Background: Patients with advanced heart failure with reduced ejection fraction (HFrEF) have an increased inflammatory load and impaired cardiac oxidative phosphorylation of lipids. However, mitochondrial dysfunction was not reproduced in all stages of heart failure. Moreover, increased inflammatory load is a hallmark of all cardiovascular diseases. Potentially, early characteristic dysregulations can be overlooked when assessing patients only under resting conditions. We therefore exposed HFrEF patients to a physical exertion challenge by cardiopulmonary exercise testing (CPET) and monitored acute changes in inflammatory and metabolic parameters, as well as their further course during a subsequent 2-hour resting period. 

Methods: Participants with HFrEF (n = 16) and age and sex matched controls (CON, n = 13) were investigated at baseline (T1), immediately after CPET (T2), and after 2 hours of resting (T3). Symptom-limited CPET was performed according to modified Jones protocol. In addition to clinical and physiological parameters, blood counts of leukocyte subtypes, their morphology, aggregation with platelets and microvesicle release, as well as plasma cytokines and metabolites were assessed at all three time points. Inflammatory and metabolic parameters were assessed using the ThermoFischer ProcartaPlex Human Inflammation-Panel and Biocrates MxP® Quant 500 kit, respectively. Non-parametric tests were chosen and all multiple tests were adjusted by the Benjamini-Hochberg method.

Results: CON and HFrEF were similar with regard to their cardiovascular risk profile.

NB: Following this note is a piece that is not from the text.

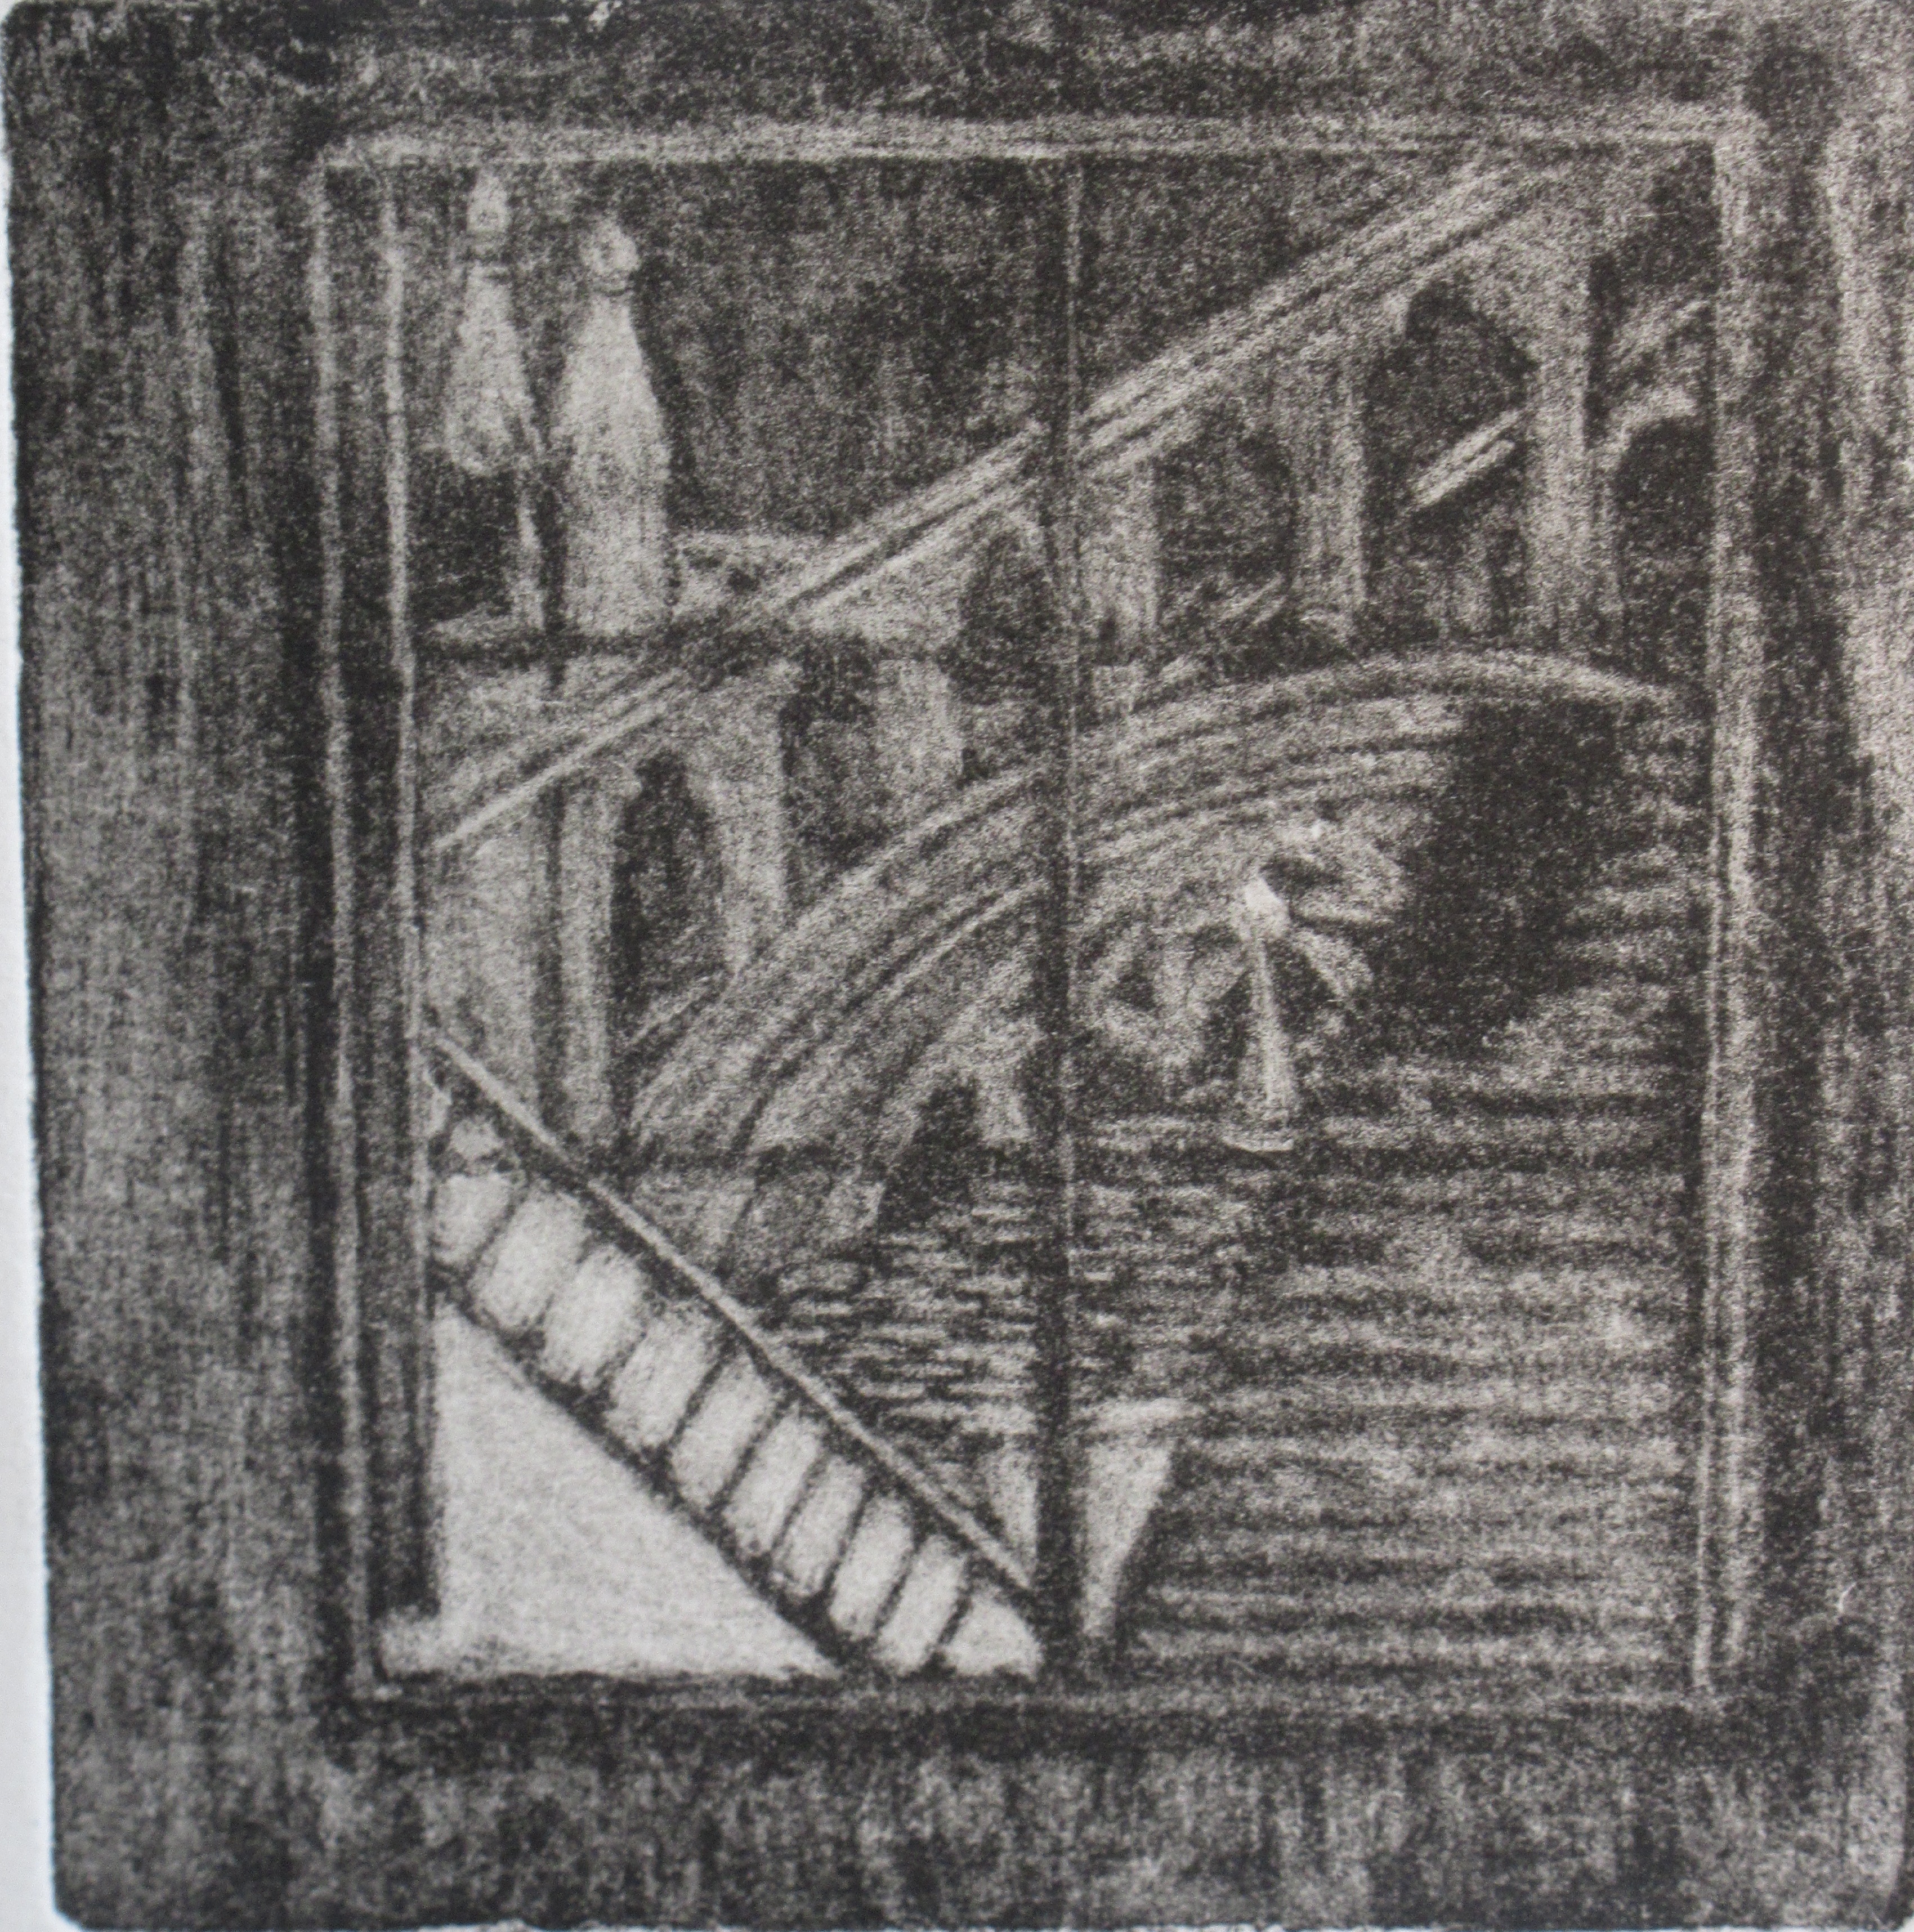 Black and white etching of a window
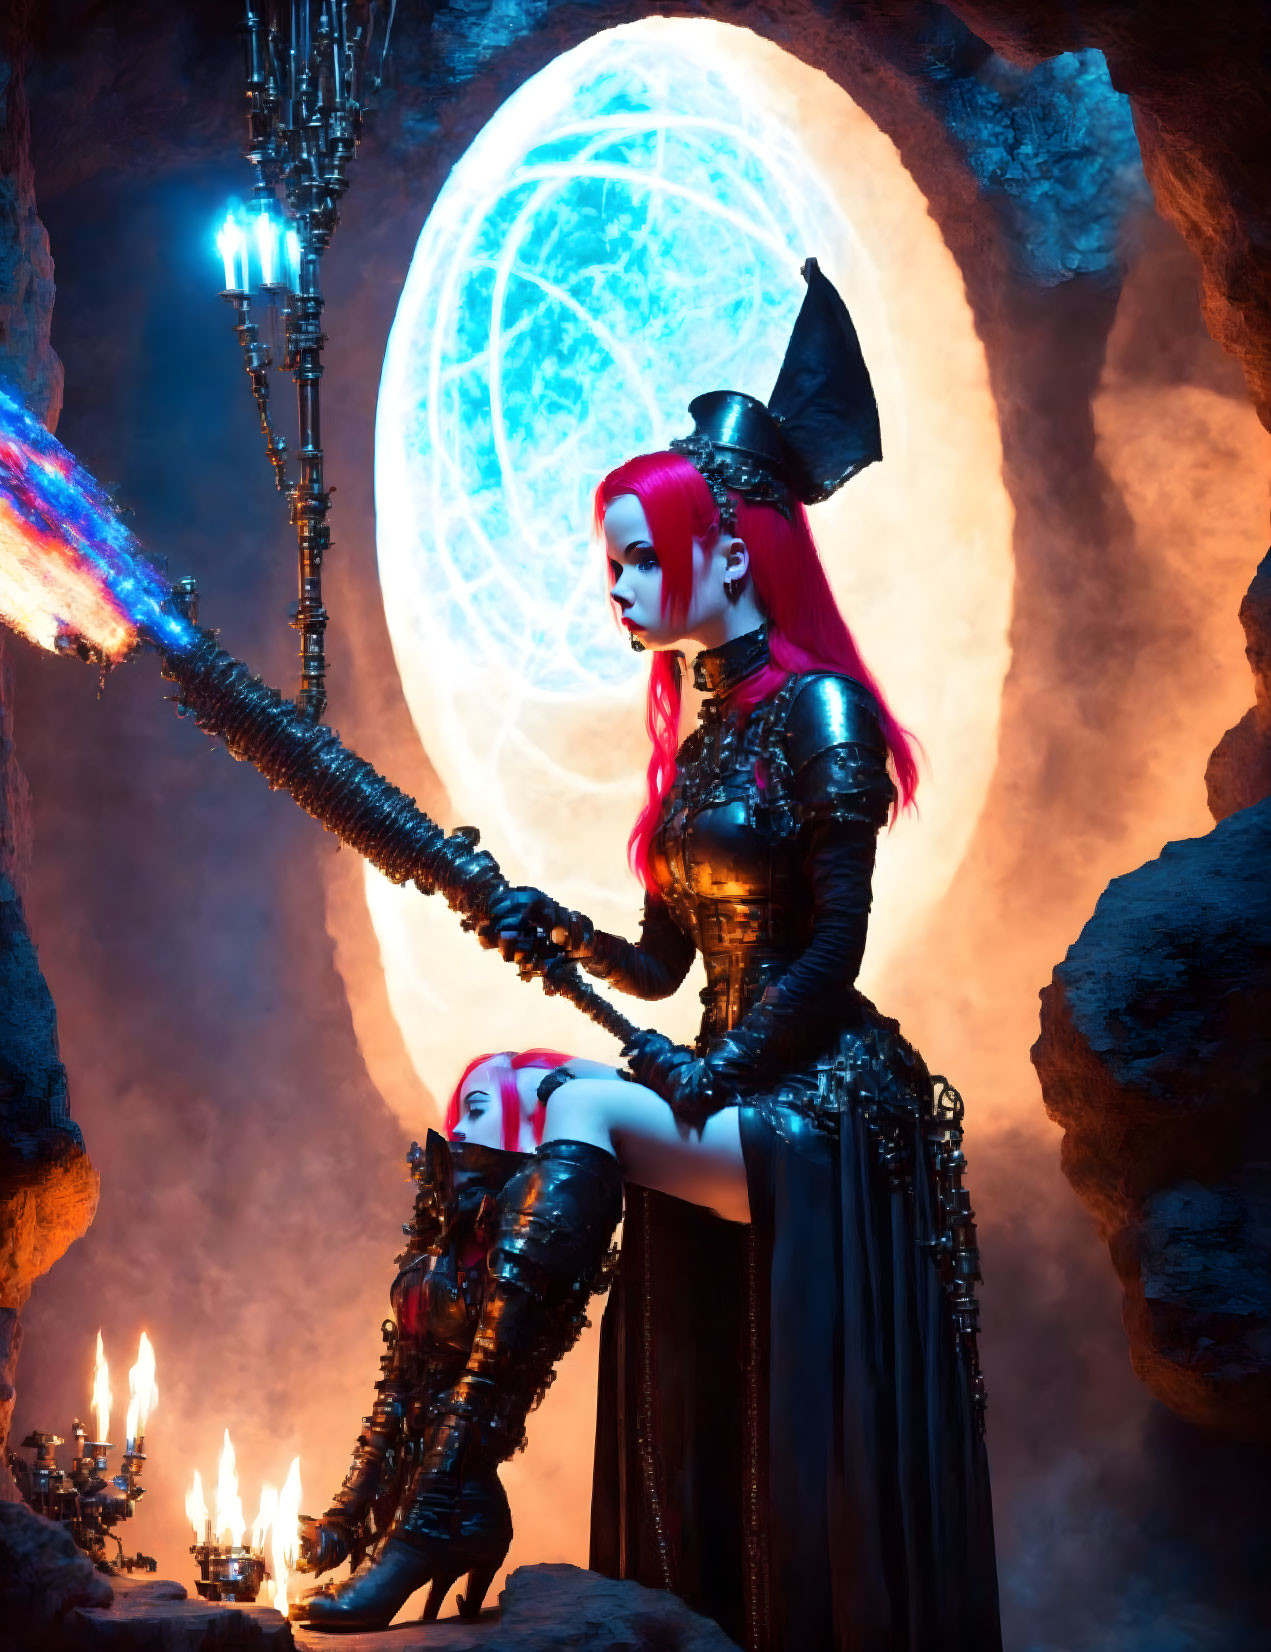 Pink-haired figure in dark fantasy attire with staff in cave surrounded by candles and glowing portal

However, HFrEF had a lower left ventricular ejection fraction and a greater left ventricular enddiastolic diameter. We found no differences between groups for leukocyte, cytokine or metabolic parameters at T1. Immediately after CPET, 20 parameters were significantly altered in both groups, including an increase of lactate, natural killer (NK) and NK T cell blood counts. In addition to these, 131 inflammatory and metabolic parameters were altered only in HFrEF, as compared to 17 only in CON. HFrEF-increased parameters included platelet aggregates with NK cells, CD8+ cytotoxic T cells and “classical” CD14++CD16-monocytes, 58 different phosphatidylcholines and 21 triglycerides. At T3 almost all altered parameters returned to baseline in CON. In HFrEF, blood counts and morphological markers of inflammatory effector cell types, including NK cells, CD8+ T cells and neutrophils, as well as genomic nuclear DNA, an indicator of cell death, remained elevated. Moreover, several triglycerides did not return to baseline in HFrEF. In these patients, but not in CON, the different lipids (i.e. phosphatidylcholine, triglycerides) strongly correlated with pro-inflammatory cytokines and NK cells.

Conclusion: Our data support the concept of impaired fatty acid utilization and inflammation-mediated metabolic dysregulation in HFrEF. However, the correlations between metabolic and inflammatory parameters were not evident at baseline in comparison to a control group with similar cardiovascular risk profile. Therefore, investigating patients in response to a physical or metabolic challenge might reveal early pathologic changes and might aid the development of metabolically active therapies – such as SGLT2 inhibitors, but also early implementation of prevention measures, to maximize therapy success for the patient.